Sunday, July 15, 2012

Inside the List

From the New York Times:  Inside the List

NAMING RIGHTS: It’s not unusual for popular novelists to use pseudonyms, whether because their given names seem too pedestrian (“John le Carré” is actually David Cornwell) or because they work in more than one genre (“J. D. Robb” is actually Nora Roberts) or because it’s just really cool to invent a secret identity or two (“Elizabeth Peters” and “Barbara Michaels” are both actually Barbara Mertz). 

But the Atlanta writer Karin Slaughter comes by her thriller-ready name honestly: it’s the one she was born with. “I was teased mercilessly as a child,” she told a Web site dedicated to mysteries a few years ago, “so I think I’ve earned the right” to the name. Slaughter’s new novel, “Criminal,” hits the hardcover fiction list at No. 4. It’s her sixth consecutive book to land there, and her 10th best seller over all. Like her last several novels, “Criminal” unites characters from two different series, and it’s earning Slaughter some enthusiastic attention. “Reading this book was like watching a great athlete having a career year,” the mystery writer Jim Grant said. Jim who? Oh, right: you probably know him better by his pseudonym, “Lee Child.” 

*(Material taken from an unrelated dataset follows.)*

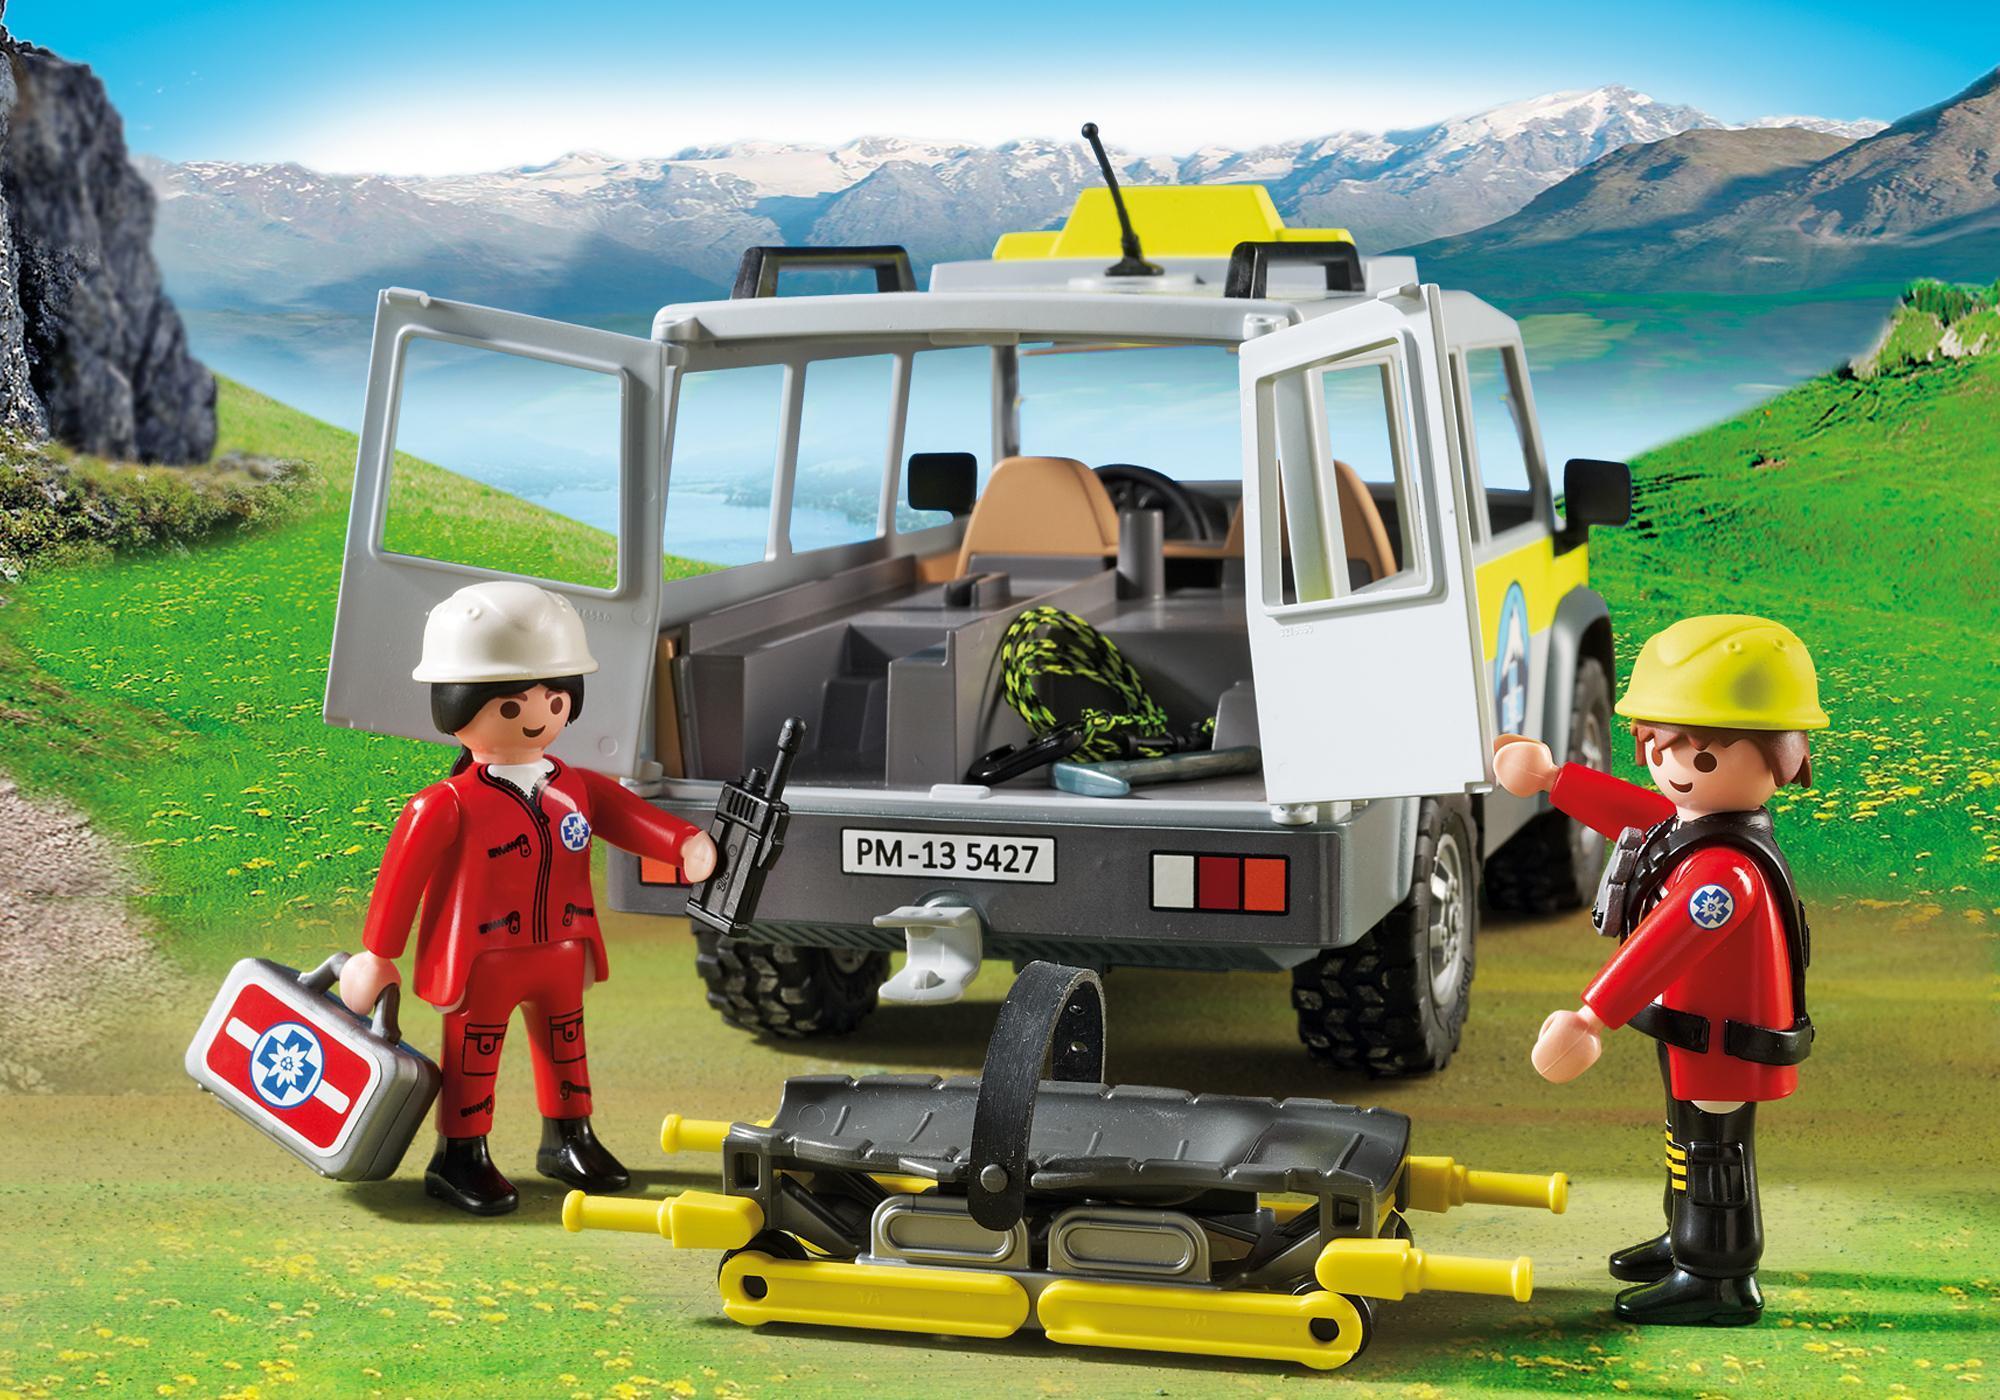 http://media.playmobil.com/i/playmobil/5427_product_extra1

DEVIL’S ADVOCATE: For a guy with a law degree, John Grisham can be casually (and lazily) insulting to the lawyers in his novels. In “The Litigators,” at No. 6 in its second week on the trade paperback list, he refers to one character as a shark, and to various others as sleazy, unethical idiots. But he’s got nothing on Hilary Mantel, whose “Wolf Hall” is at No. 20 on the same list after 15 weeks. In that book, the Duke of Norfolk confronts King Henry’s eventual fixer, Thomas Cromwell, with one of the more scathing curses in recent literary memory: “You . . . person,” he sputters, before finding his footing. “You nobody from hell, you whore-spawn, you cluster of evil, you lawyer.” It’s the kind of thing you can picture (or I can picture, anyway) crocheted on a throw pillow in the chambers of the Supreme Court. 

ASSASSINATION FASCINATION: Bill O’Reilly’s “Killing Lincoln,” written with Martin Dugard, is at No. 5 in its 41st week on the hardcover nonfiction list. It’s not the first time Dugard has shared credit for a best-selling account of an assassination: in 2009, he and James Patterson made the list with “The Murder of King Tut.”
WORTH WAITING FOR: Fifty years ago in the Book Review, on July 22, 1962, the fiction list was topped by Katherine Anne Porter’s allegory about the rise of the Nazis, “Ship of Fools.” A selection of the Book-of-the-Month Club, “Ship of Fools” went on to become the best-selling novel of the year, against some pretty strong competition.